Around you, Berlin is falling, gripped in the iron fist of the advancing Soviet army, but that is not your concern. You're here to stop the NKVD, the Soviet secret police, who are there to do one thing and one thing only. Capture the Nazi's nuclear secrets by any means possible. Because you are not German. You are an American, a member of the OSS, sent here to fight for Mom, apple pie and all that good stuff that puts the spunk in Yanks everywhere. Without Uncle Sam, Europe will fall under the shadow of those dastardly Commies, nukes in one hand and vodka in the other, ruling previously capitalist nations with hammer and sickle.
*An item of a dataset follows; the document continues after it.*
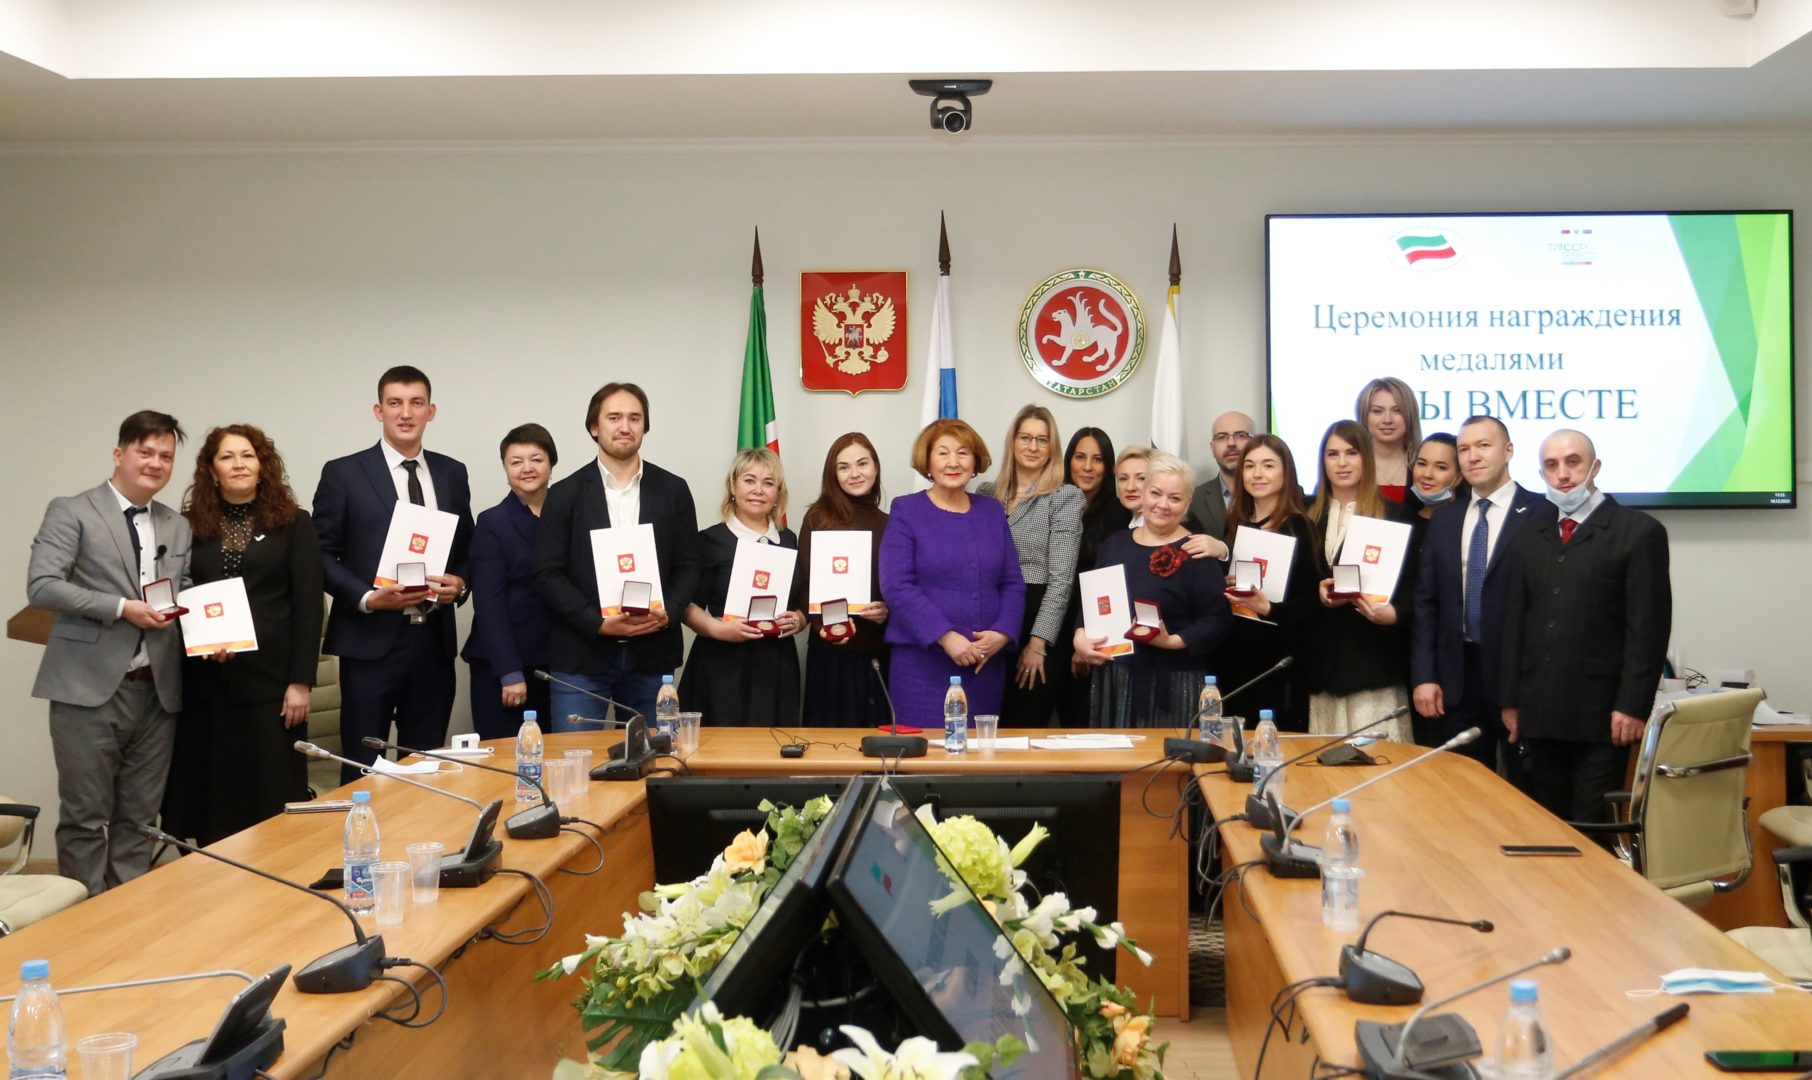 Социальным предпринимателям Республики Татарстан были вручены медали #Мывместе
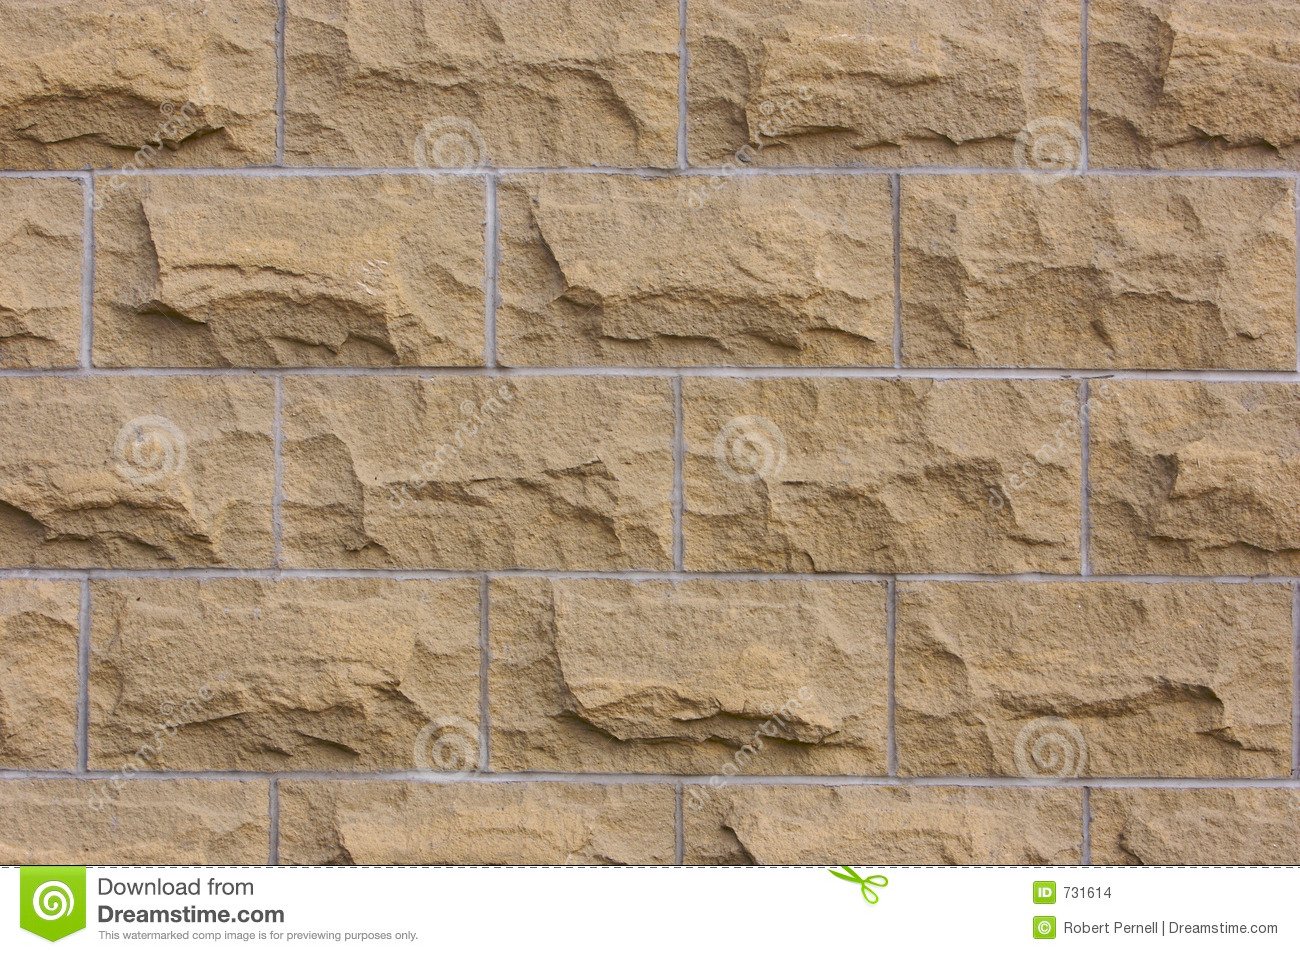 37+] Wallpaper for Concrete Blocks - WallpaperSafari

Apart from the paranoid plot (I think America is the only place in the world where 'communist' is an insult) which is probably all too close to the truth, I found myself liking this game from the off. If, when playing most shooting games, you find yourself enjoying the sniping weapons more than the others, this is the game for you. If you run around, spraying everything down with a hail of bullets, you will die. You need to sneak, crawling and staying low, keeping in cover as you pass through the streets, taking up good positions in bombed-out buildings, under collapsed barricades, in shell craters. Your camouflage level is a good indicator of how visible you are, but no matter how high the percentage is, it's not a guarantee. The sniper maxim 'One shot, one kill' holds true here. Because when you shoot, you have to take into account a few factors, unlike most games where the bullet goes exactly where you place the crosshairs.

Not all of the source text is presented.